• YOUR ASSIGNMENT: Only the words of the entries are wanted, repeated exactly and without images.

• MATERIAL FOR THIS TASK:
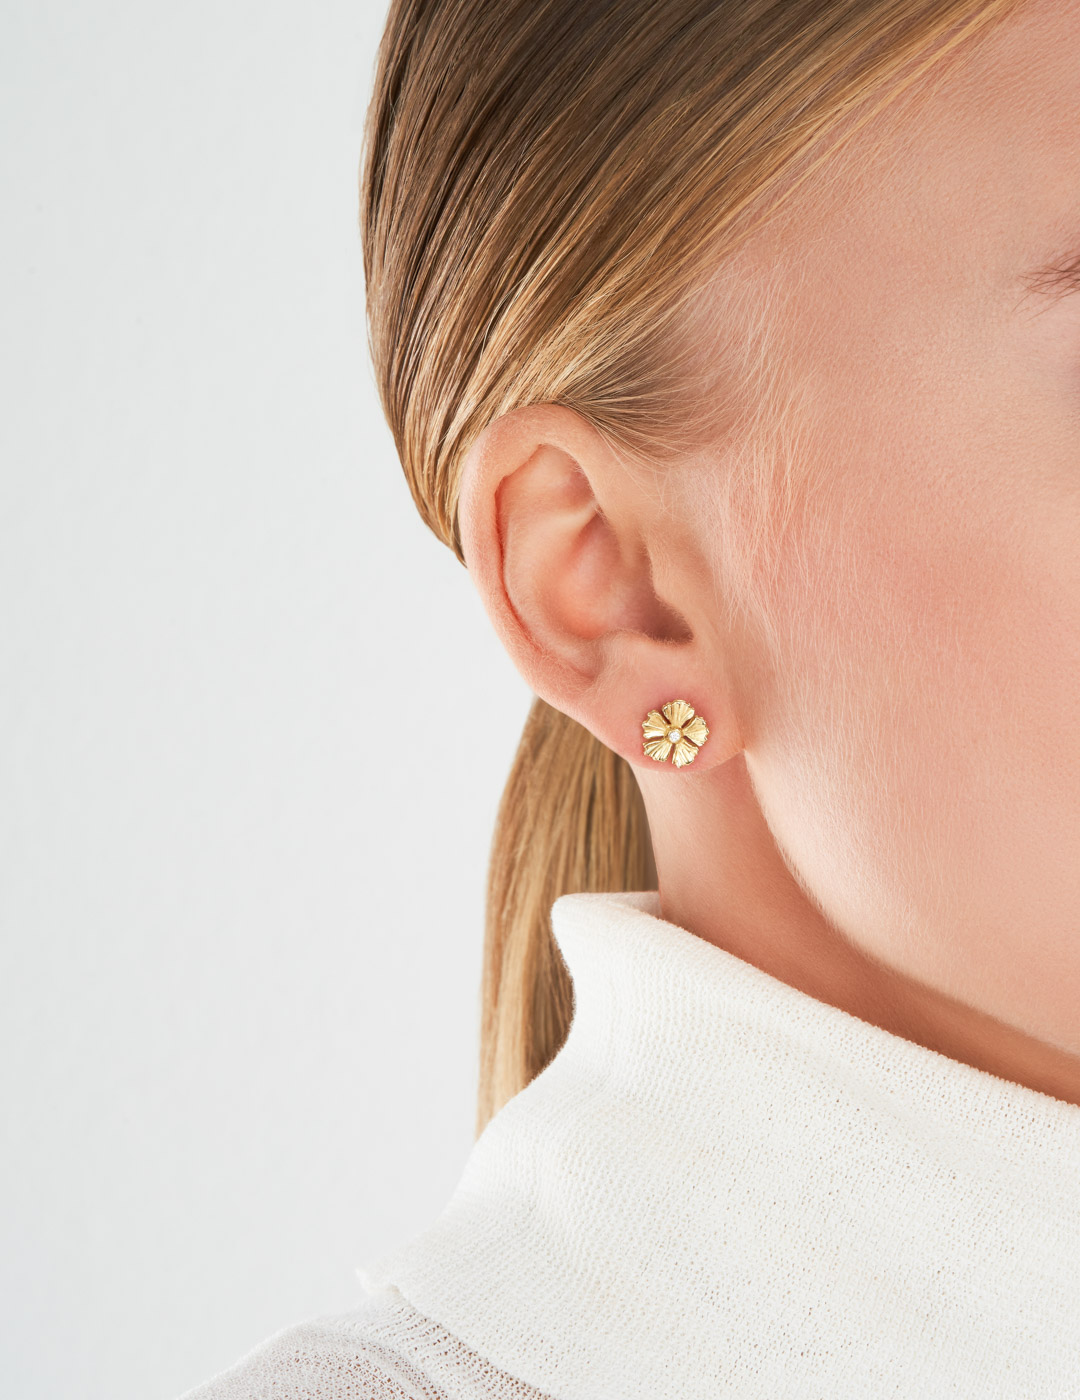 mish_products_earrings_StrwFlr-Sm-Stud-ER-2
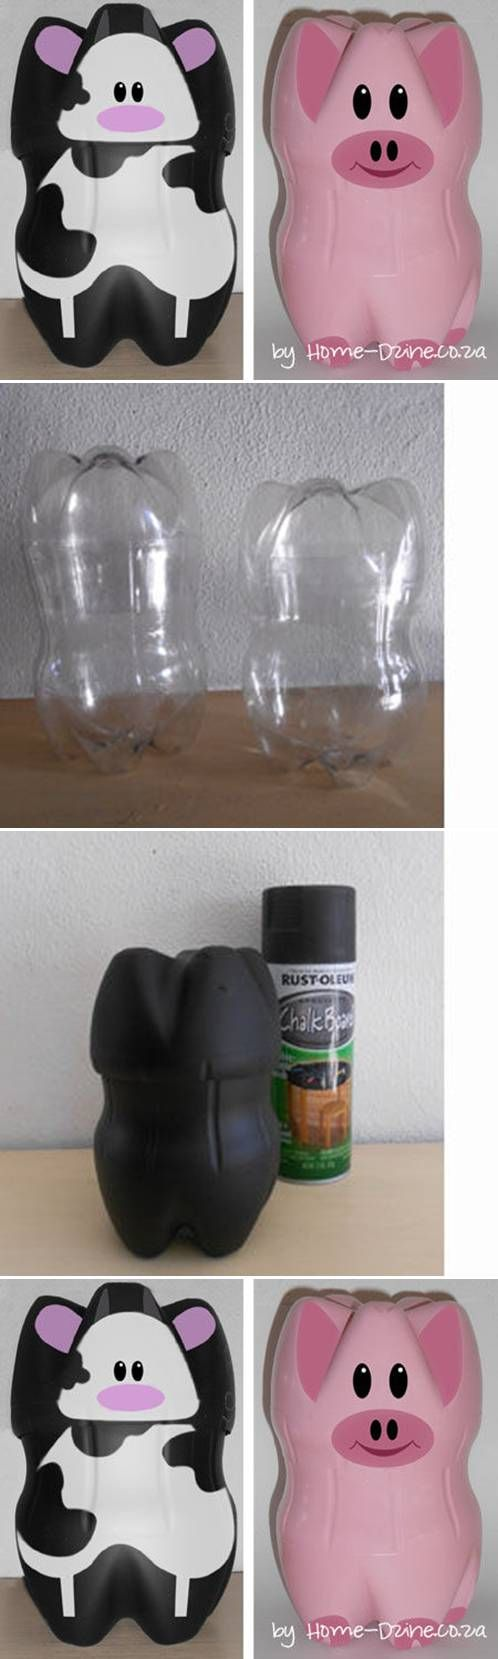 DIY Plastic Bottle Piggy Banks.
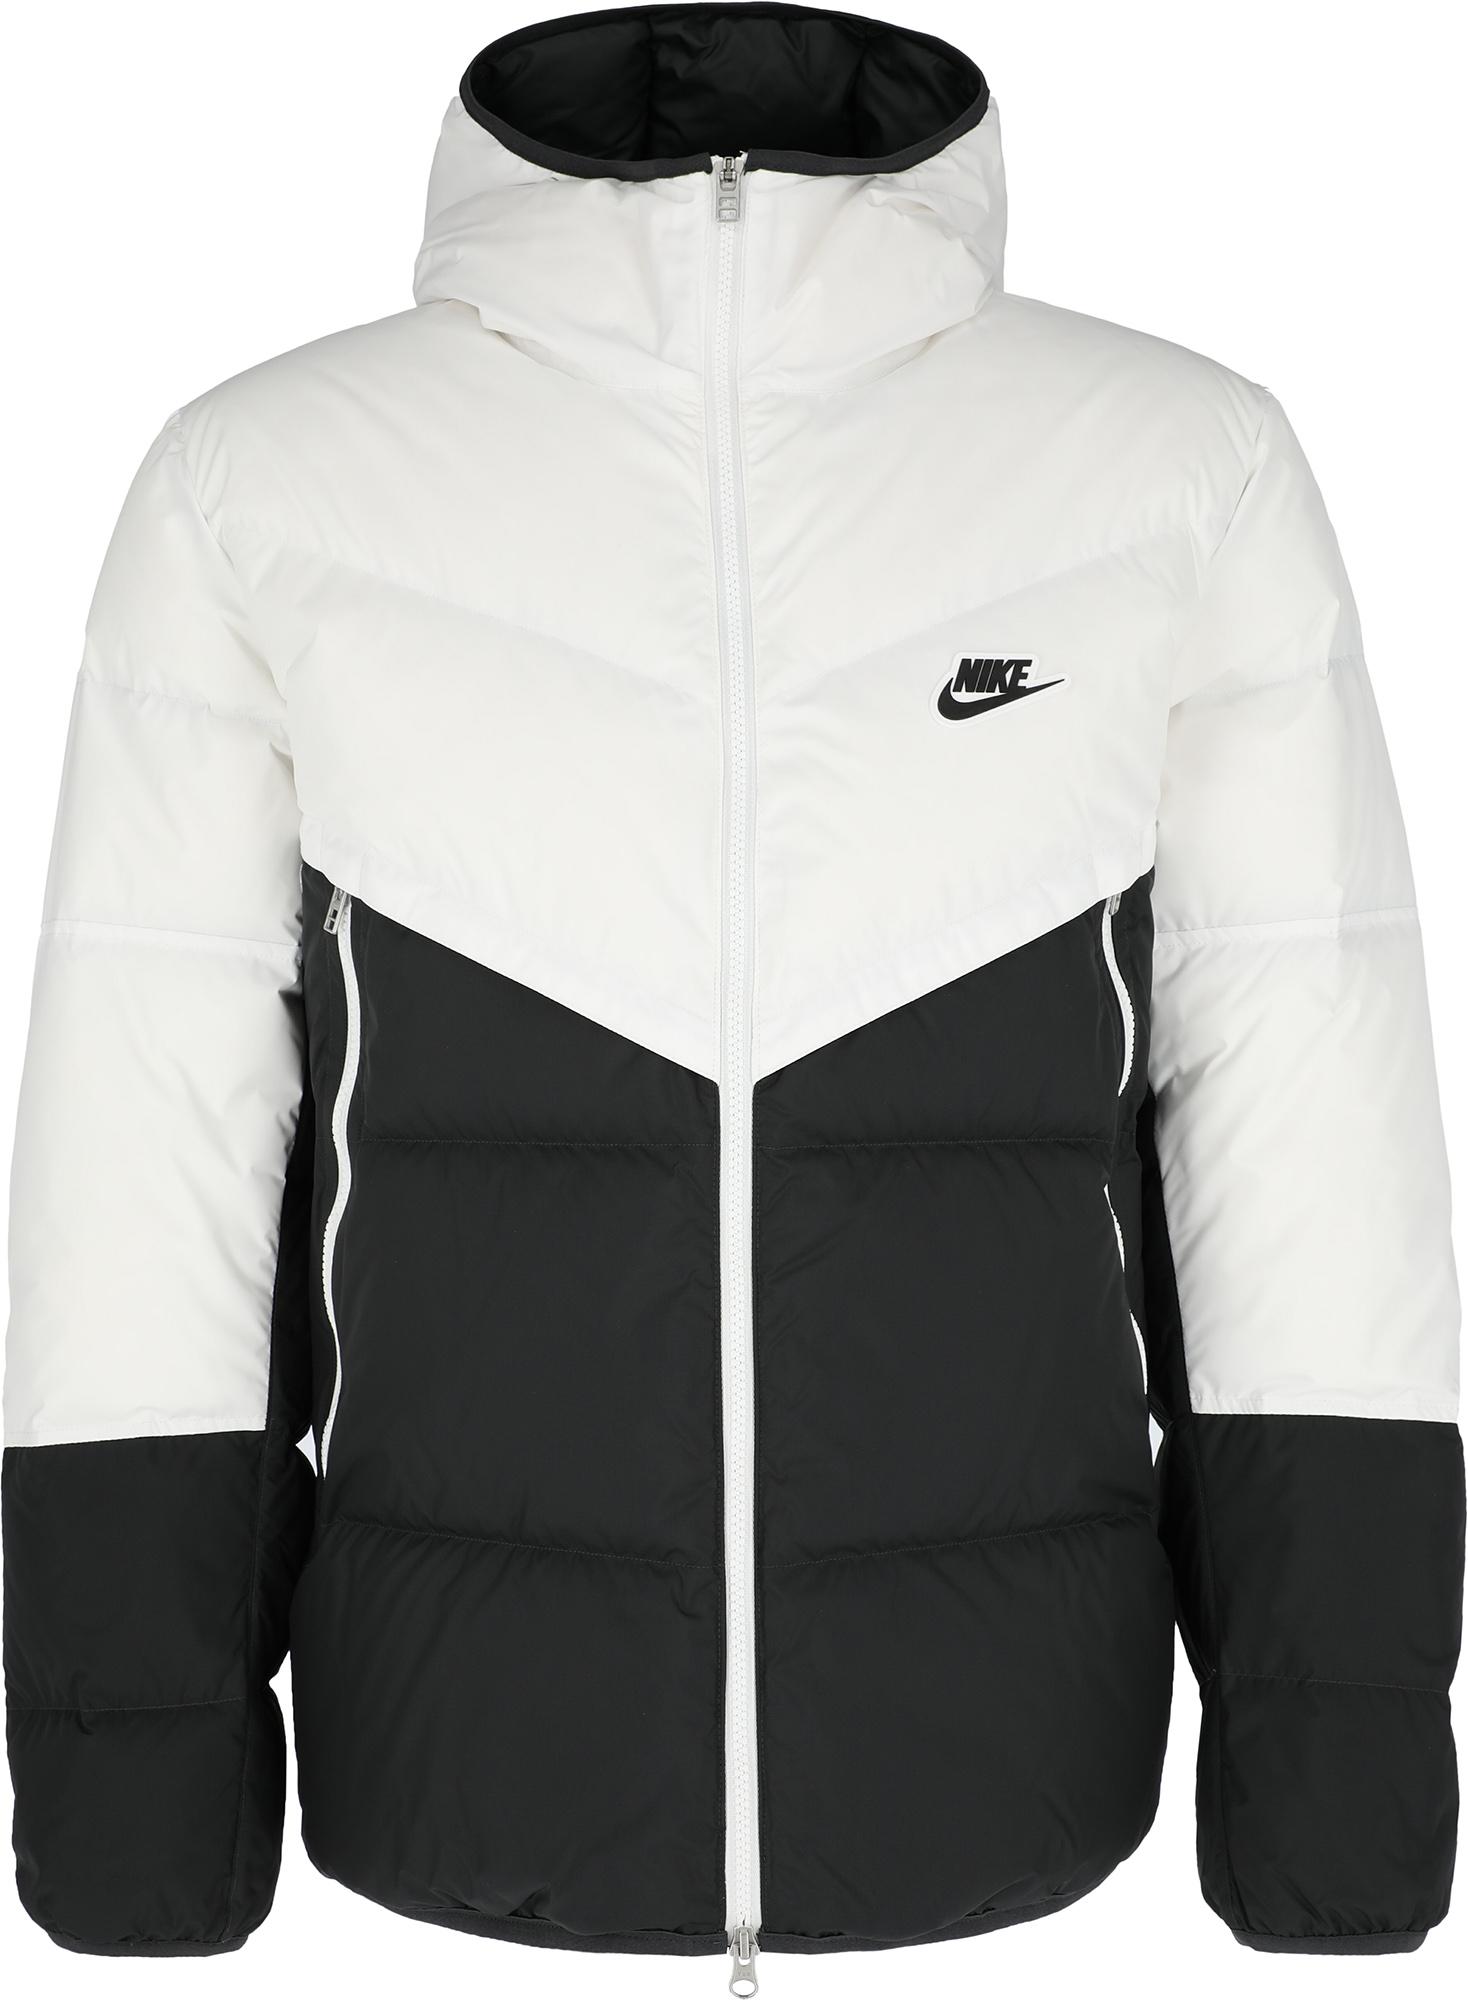 Фото - Nike Пуховик мужской Nike Sportswear Windrunner, размер 52-54 nike свитшот мужской nike sportswear just do it размер 52 54
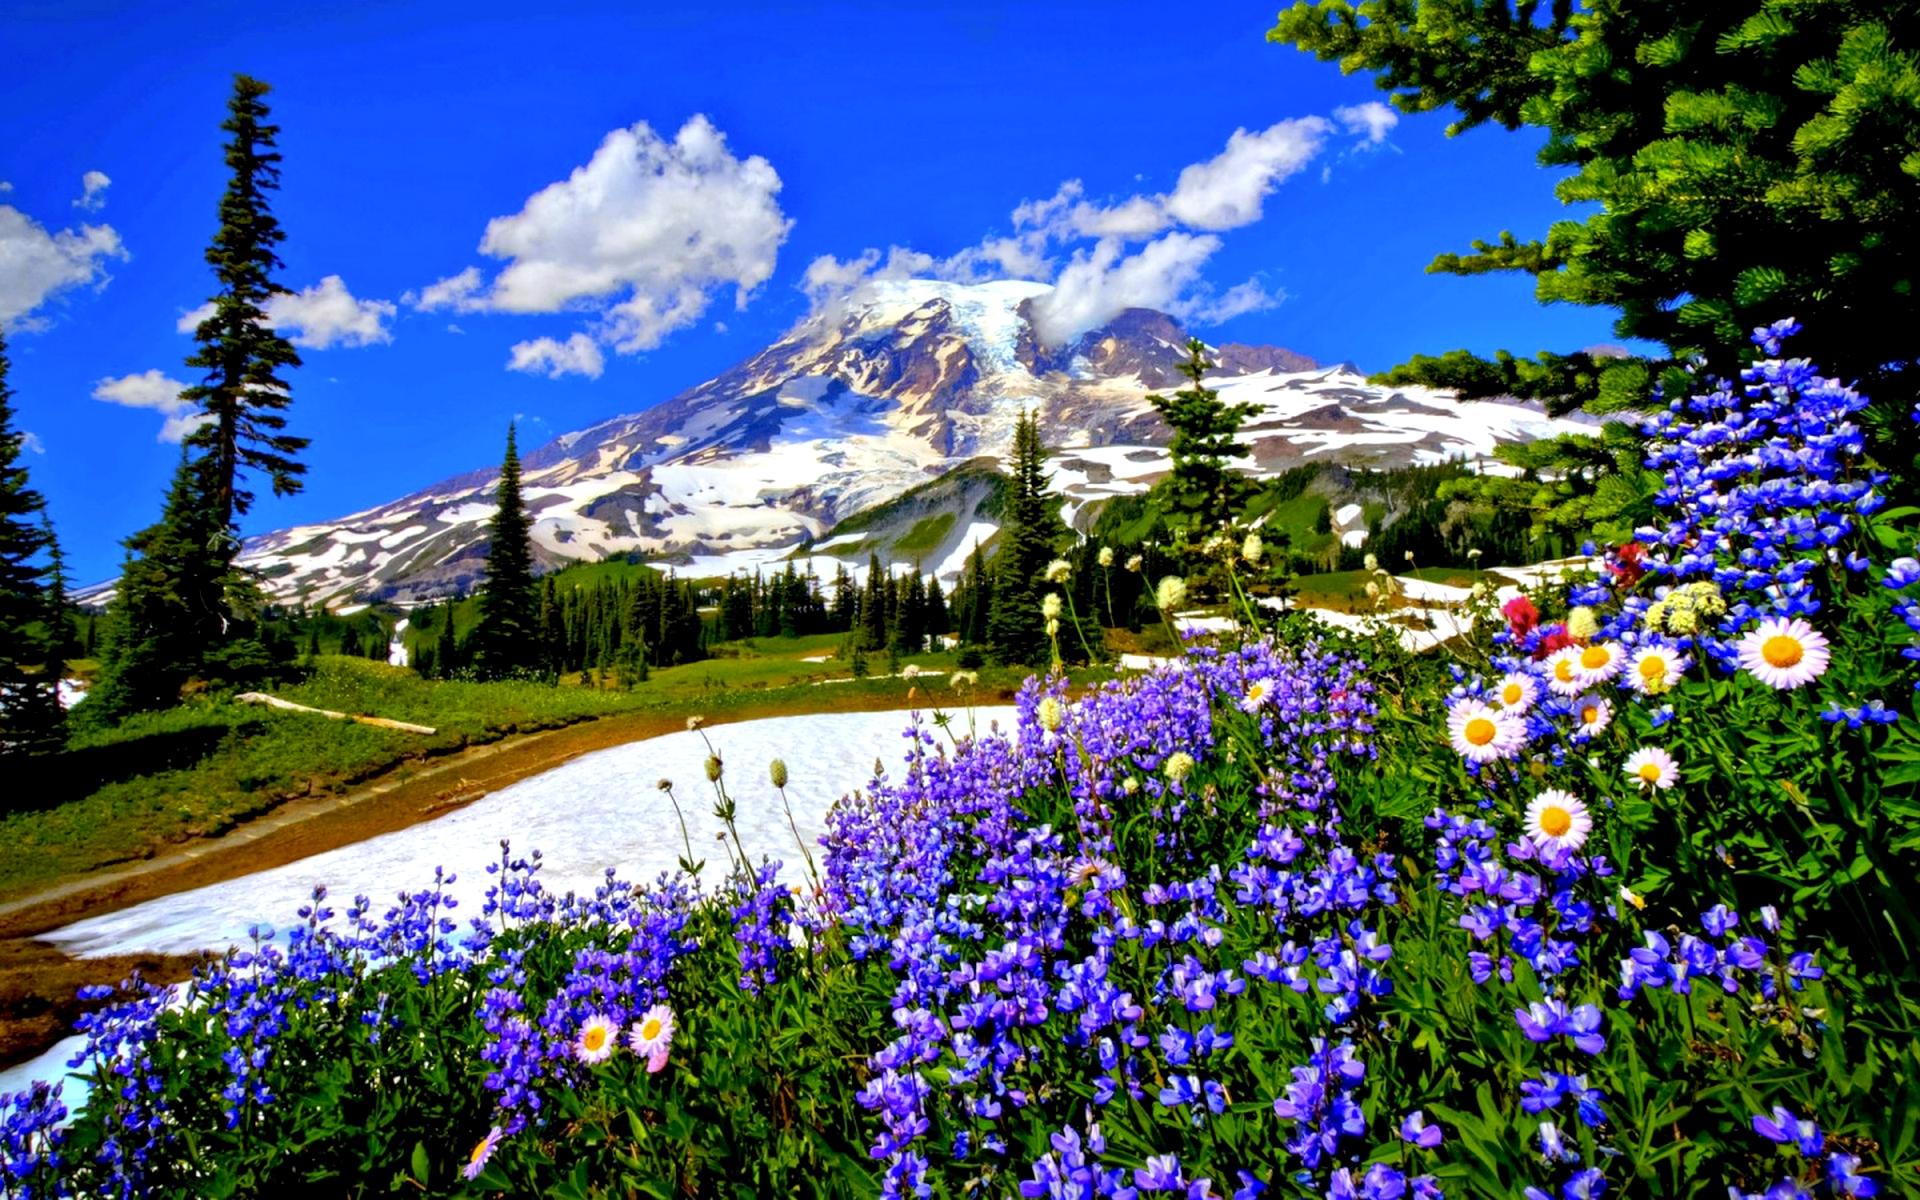 Good Wallpaper Mountain Flower - types-of-mountain-flowers-17-widescreen-wallpaper  Graphic_93861.jpg
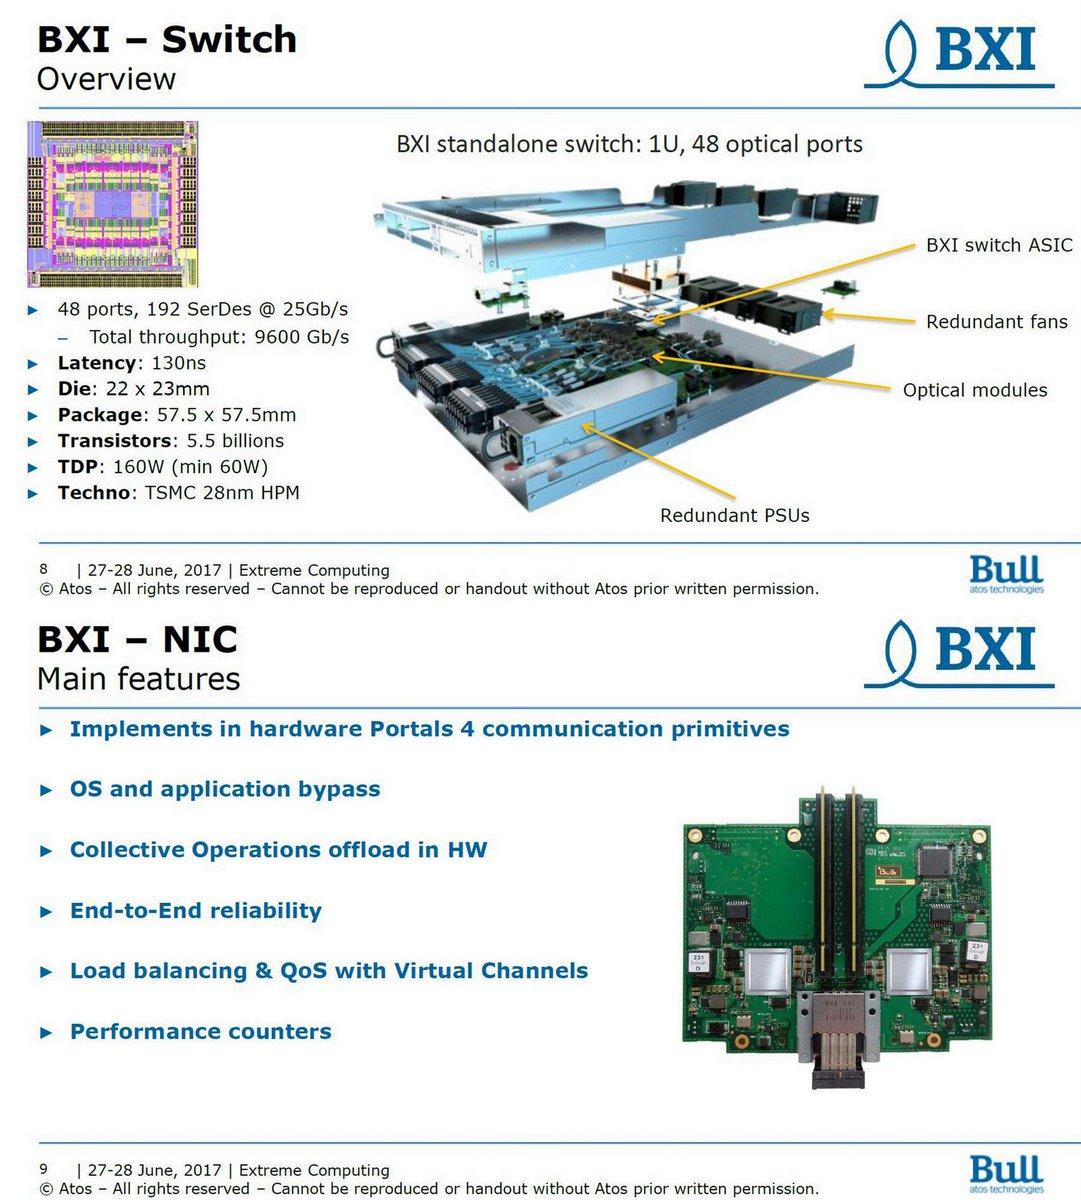 Ogawa Tadashi On Twitter Bxi Boost Hpc Application Largest Fpga 68 Billion Transistors Performance Thanks To Hardware Offload Bull Teratec Forum Jun 28 2017 Pdf

• EXPECTED ANSWER:
 mish_products_earrings_StrwFlr-Sm-Stud-ER-2
 DIY Plastic Bottle Piggy Banks.
 Фото - Nike Пуховик мужской Nike Sportswear Windrunner, размер 52-54 nike свитшот мужской nike sportswear just do it размер 52 54
 Good Wallpaper Mountain Flower - types-of-mountain-flowers-17-widescreen-wallpaper  Graphic_93861.jpg
 Ogawa Tadashi On Twitter Bxi Boost Hpc Application Largest Fpga 68 Billion Transistors Performance Thanks To Hardware Offload Bull Teratec Forum Jun 28 2017 Pdf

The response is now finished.